##### Stored data #####

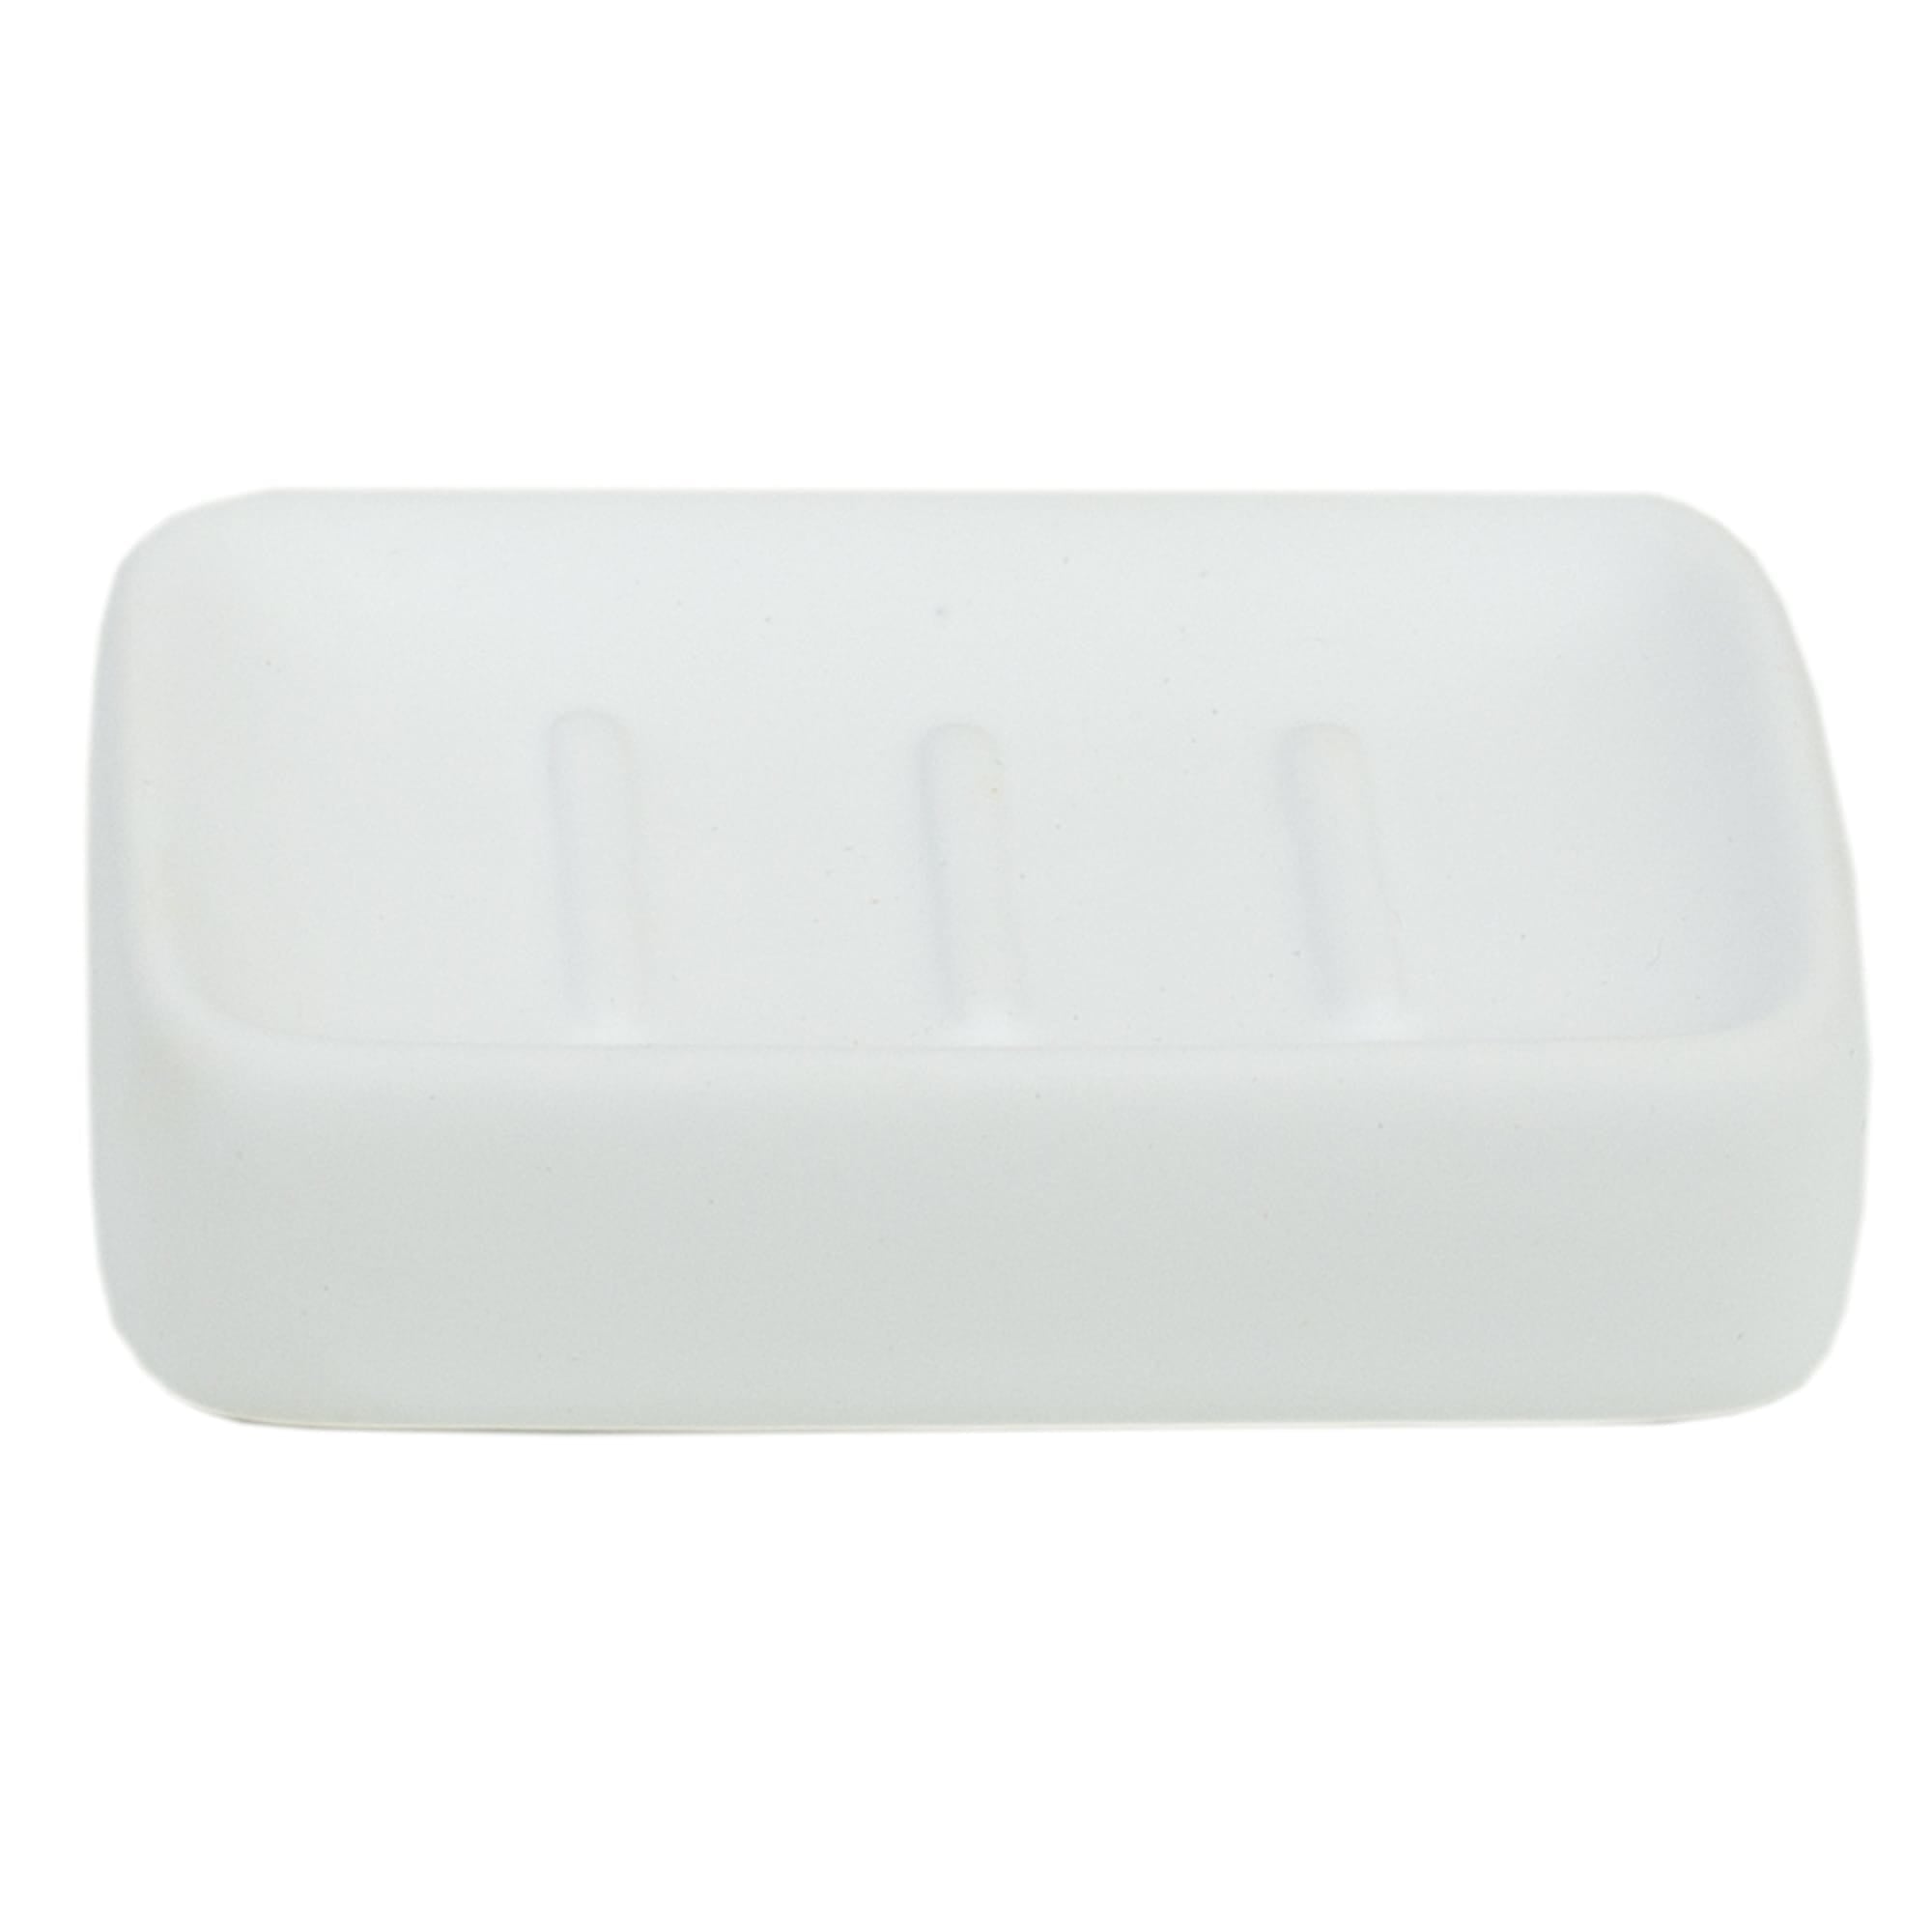 Home Basics Loft 4 Piece Ceramic Bath Accessory Set, White $12.00 EACH, CASE PACK OF 6
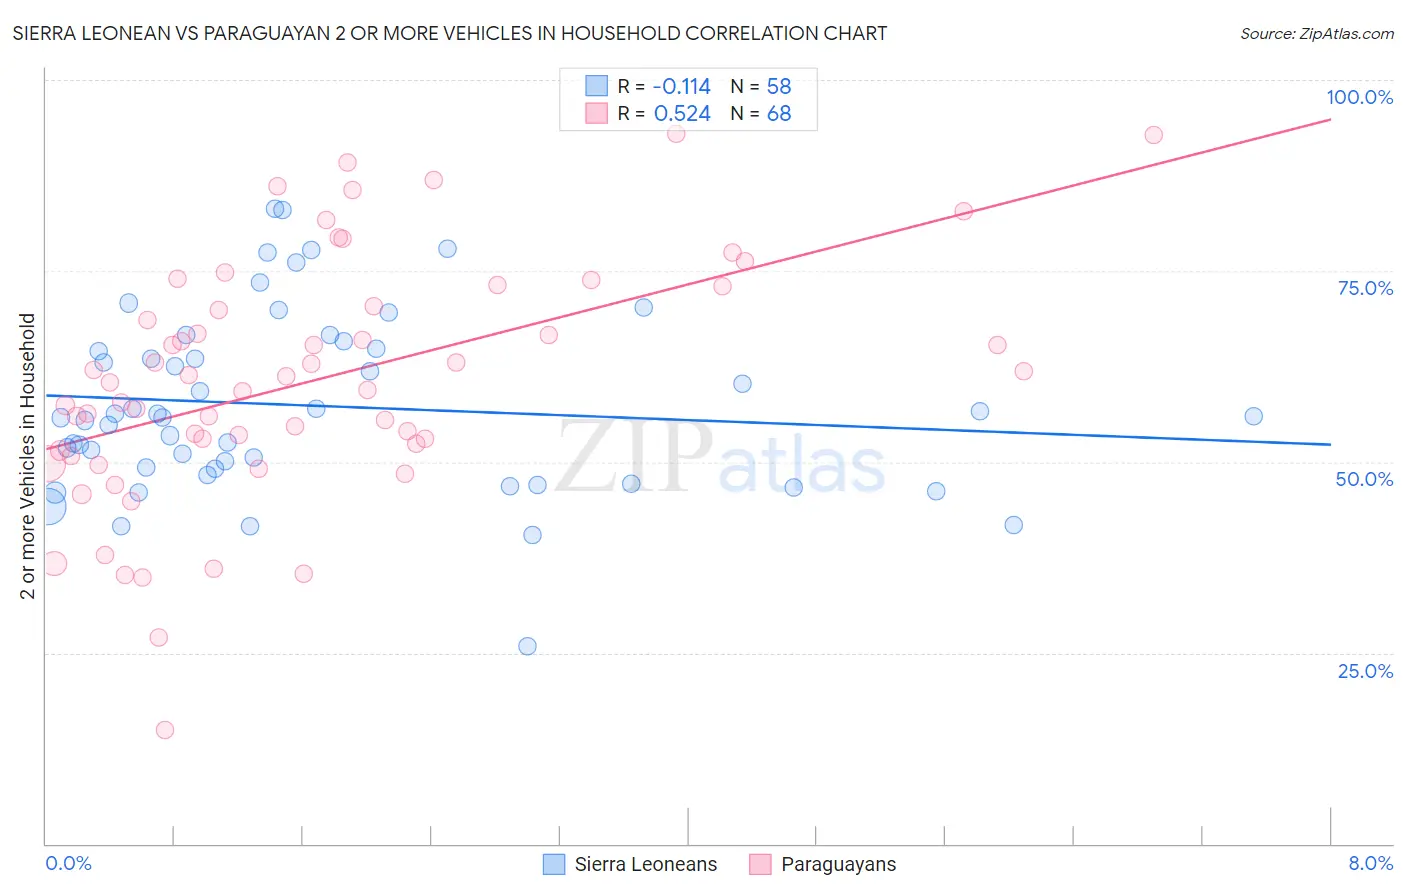 Sierra Leonean vs Paraguayan 2 or more Vehicles in Household
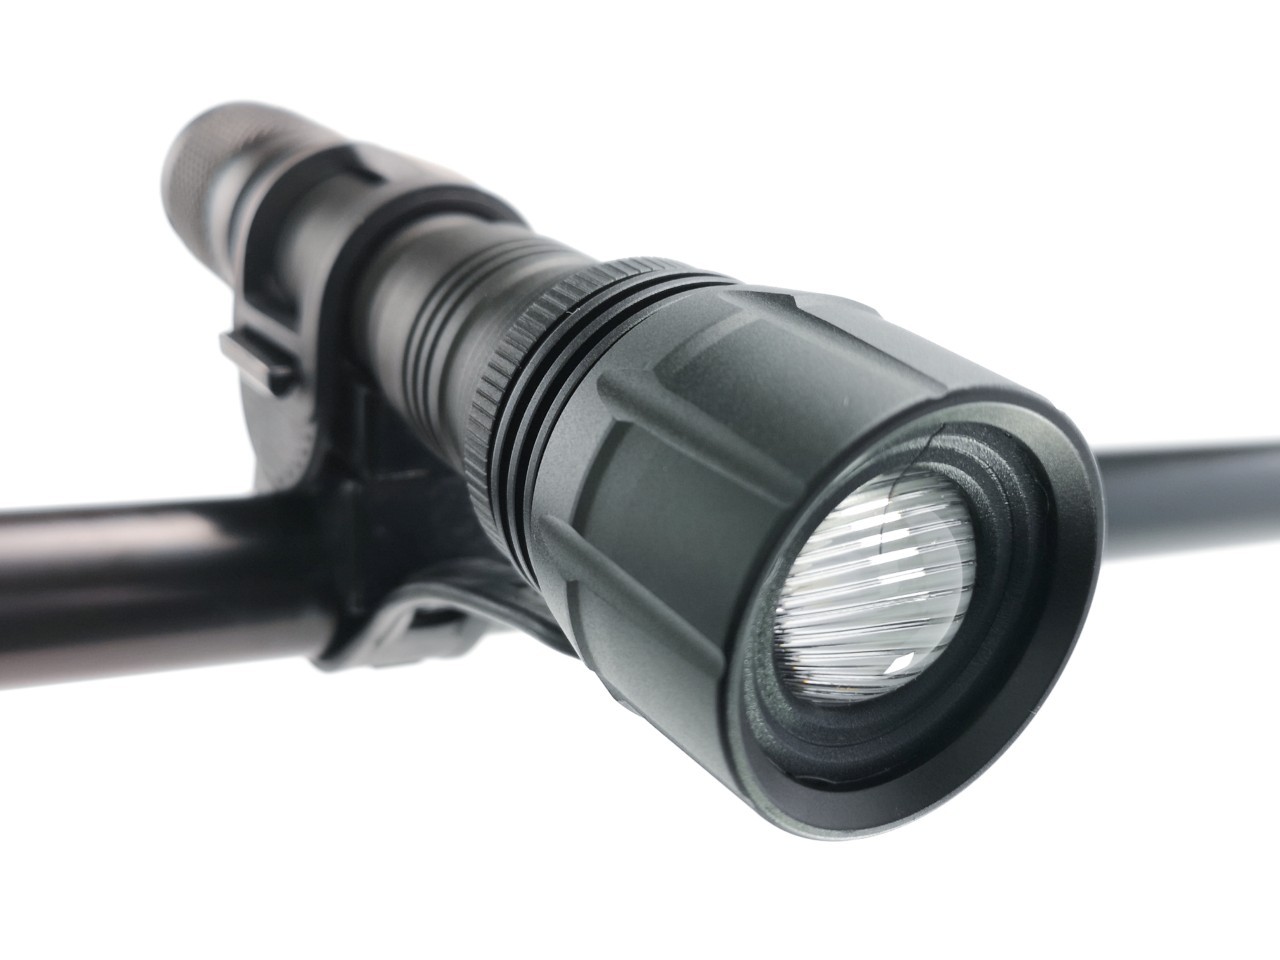 PSK BIKELIGHT 調焦 水平截止線 1300流明 腳踏車燈 18650手電筒 套組含電池車夾

#####

▶ [Task item]:
Retype the listing exactly. Skip every picture.

▶ [Result]:
 Home Basics Loft 4 Piece Ceramic Bath Accessory Set, White $12.00 EACH, CASE PACK OF 6
 Sierra Leonean vs Paraguayan 2 or more Vehicles in Household
 PSK BIKELIGHT 調焦 水平截止線 1300流明 腳踏車燈 18650手電筒 套組含電池車夾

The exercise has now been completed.